> _EXERCISE DESCRIPTION_
Reproduce the full listing as it stands. Images do not belong in the copy.

> _DATA EXCERPT_
▬▬▬

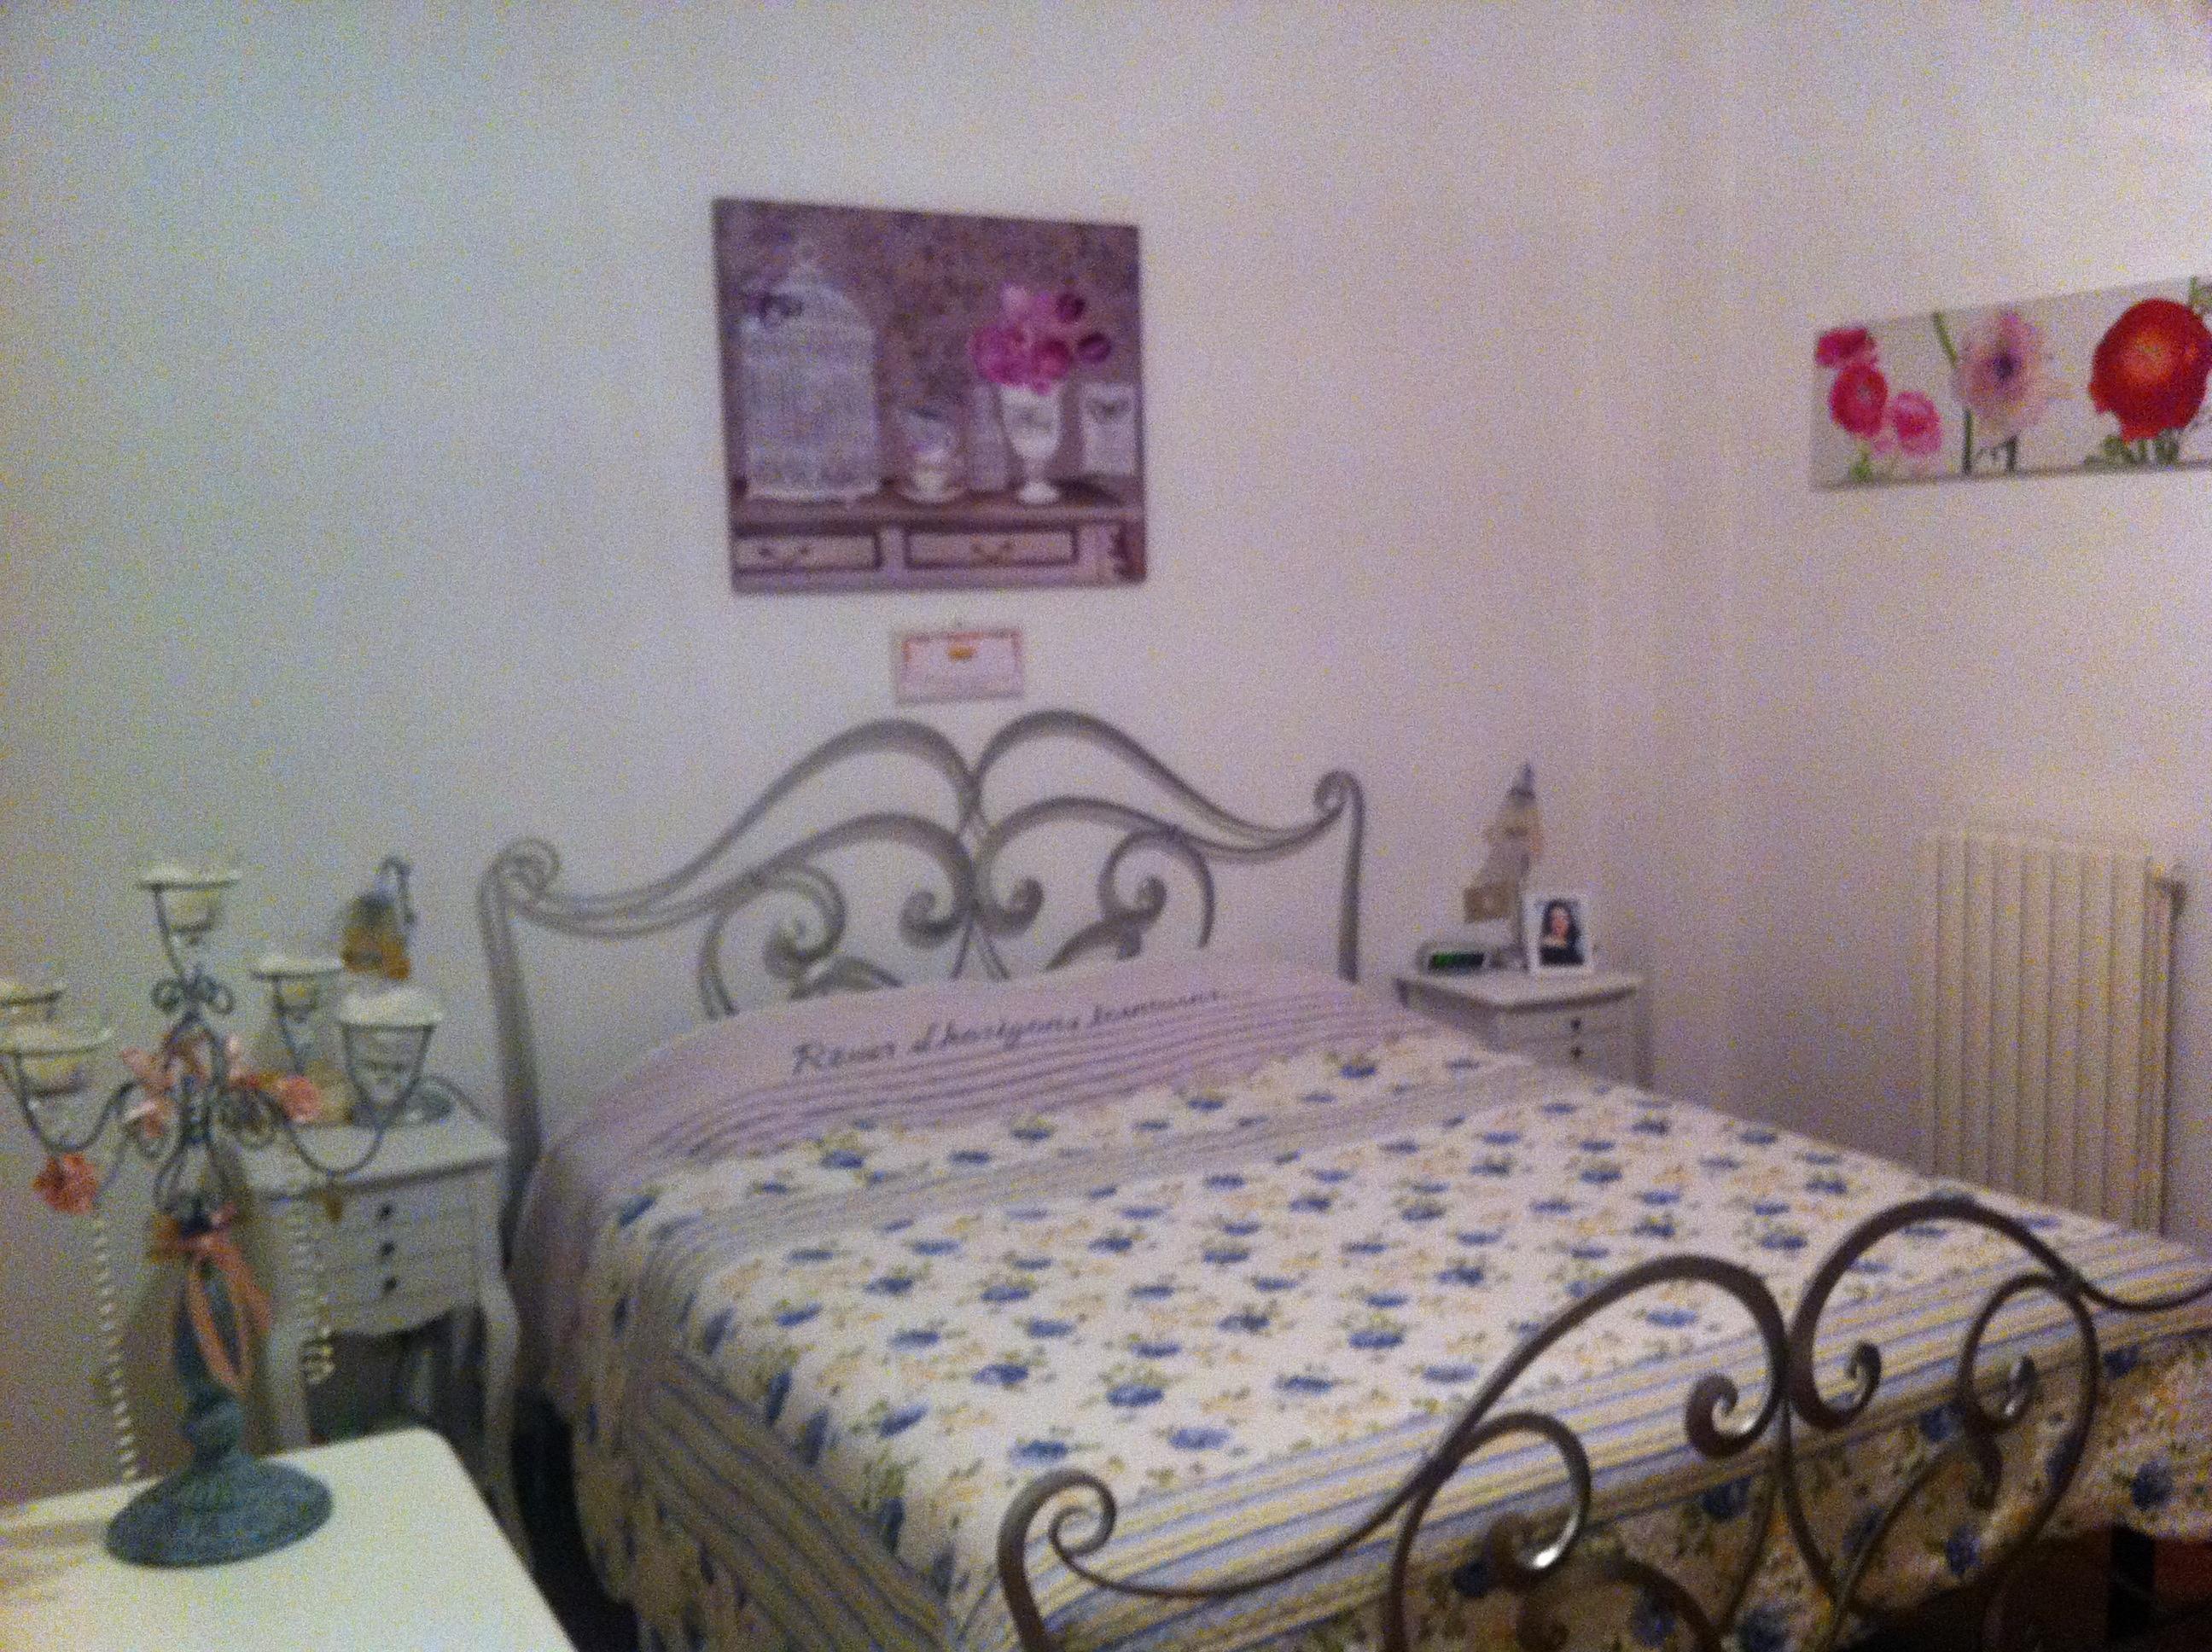 La mia amata camera da letto shabby chic  Alla ricerca del bianconiglio
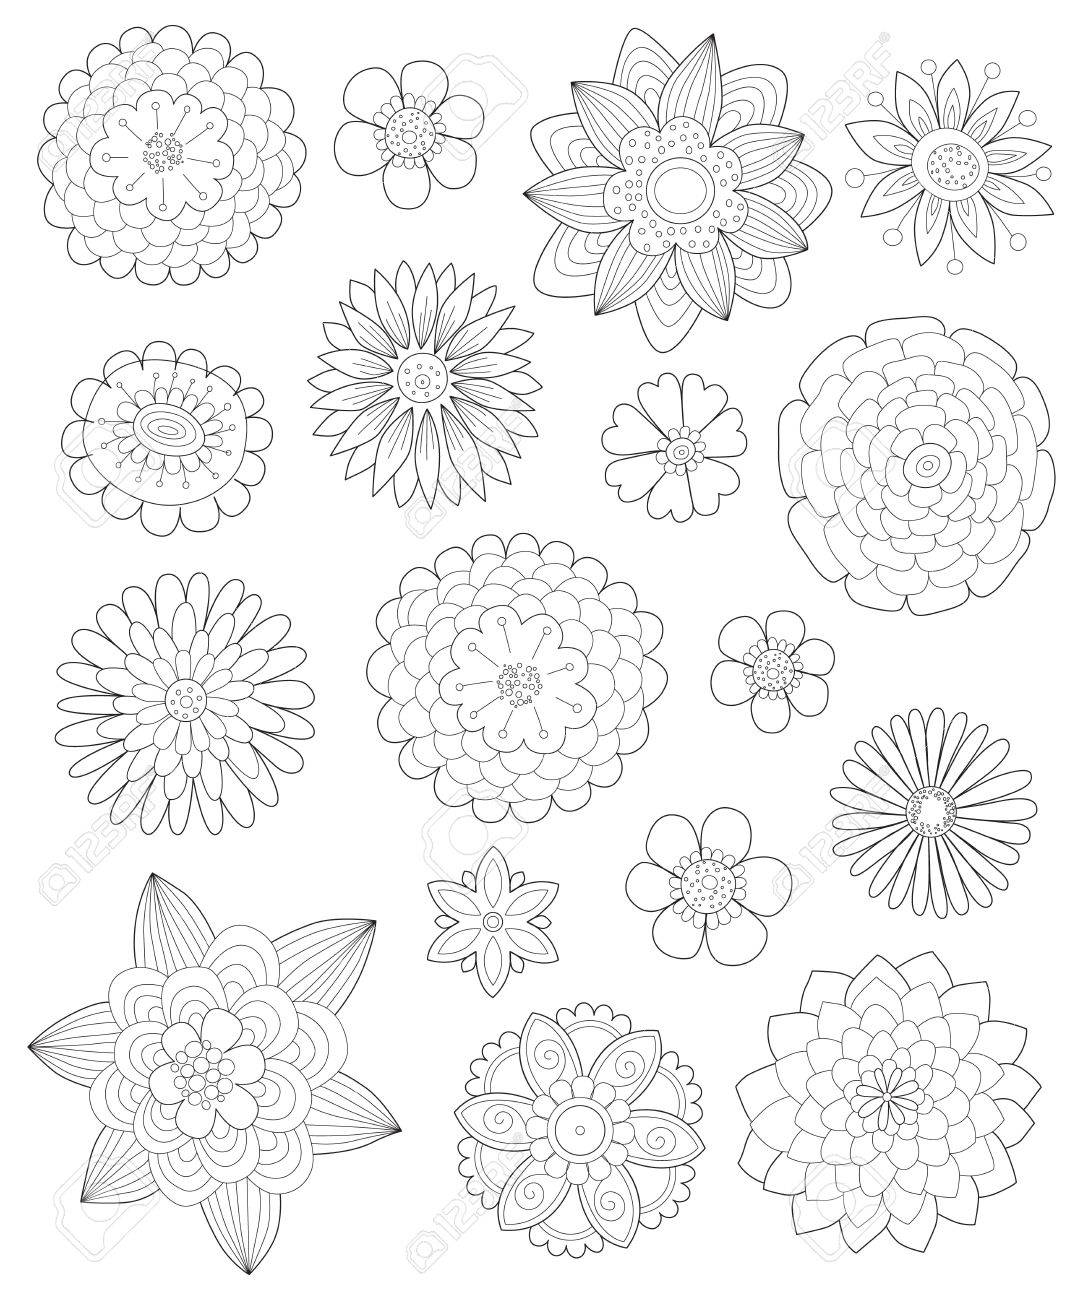 Flores Dibujadas A Mano Para Colorear Páginas Para Adultos, Una ...
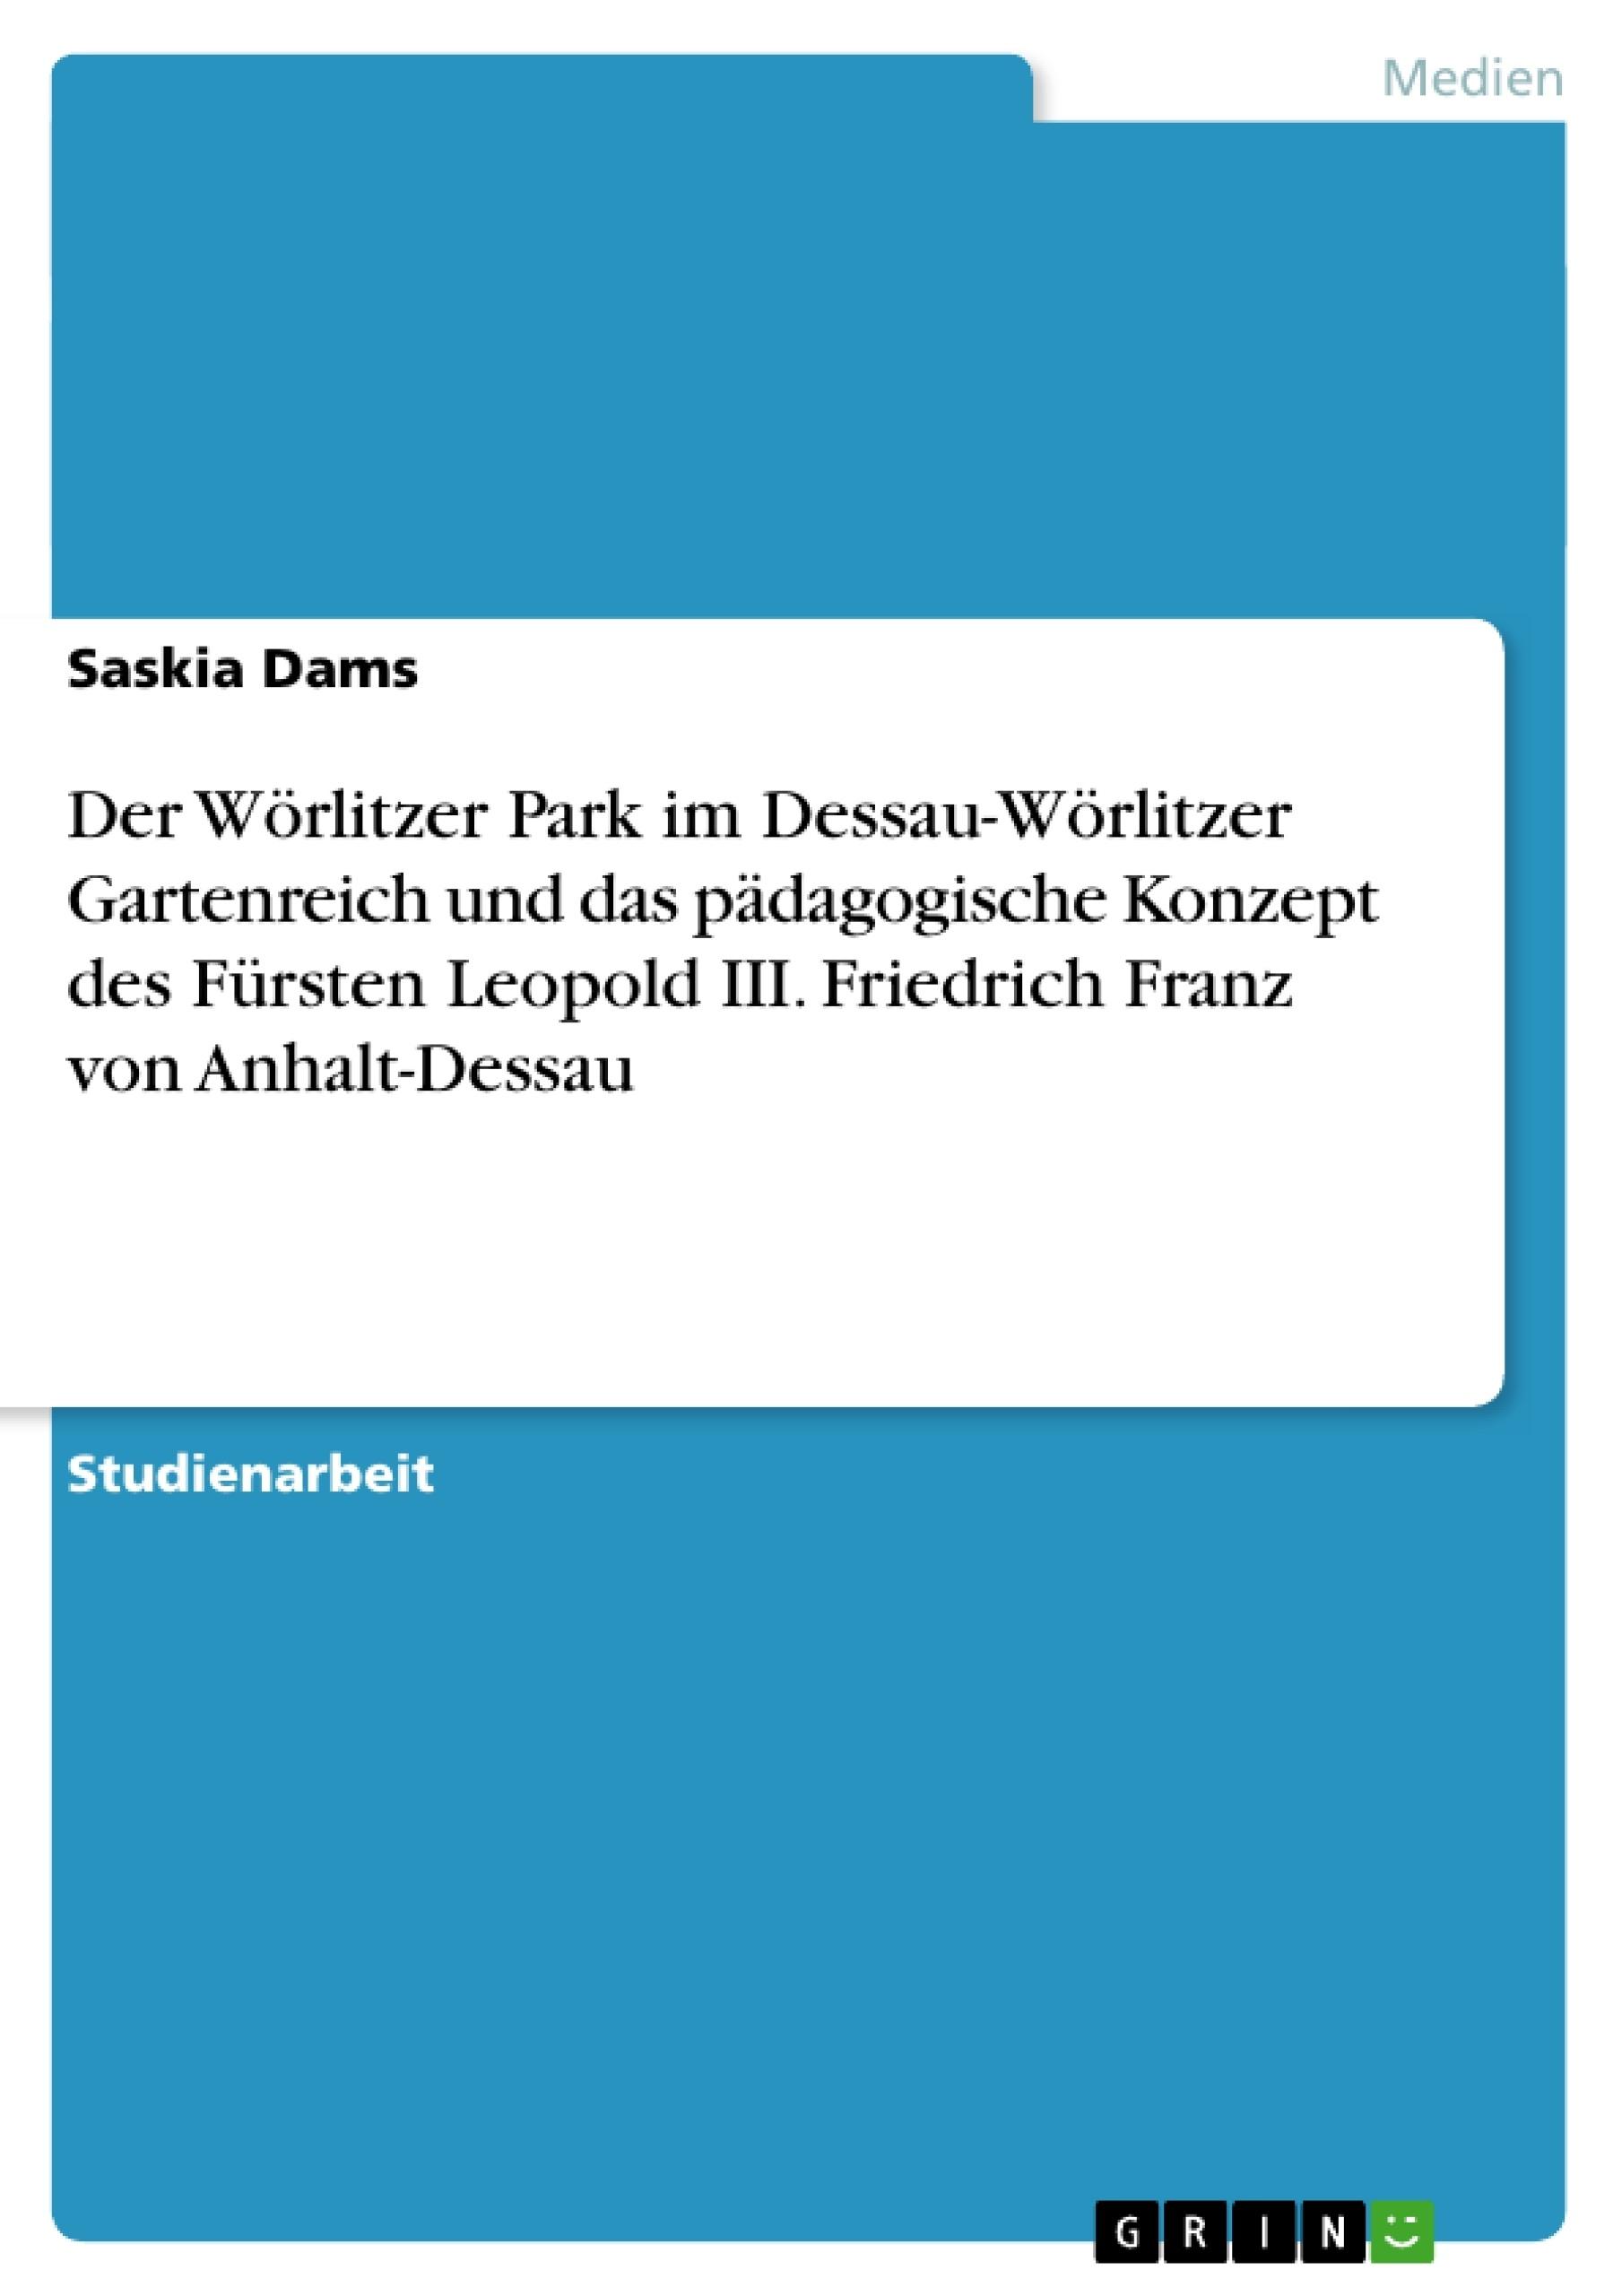 Titel: Der Wörlitzer Park im Dessau-Wörlitzer Gartenreich und das pädagogische Konzept des Fürsten Leopold III. Friedrich Franz von Anhalt-Dessau

▬▬▬

> _ANSWER TO THIS EXERCISE_
 La mia amata camera da letto shabby chic  Alla ricerca del bianconiglio
 Flores Dibujadas A Mano Para Colorear Páginas Para Adultos, Una ...
 Titel: Der Wörlitzer Park im Dessau-Wörlitzer Gartenreich und das pädagogische Konzept des Fürsten Leopold III. Friedrich Franz von Anhalt-Dessau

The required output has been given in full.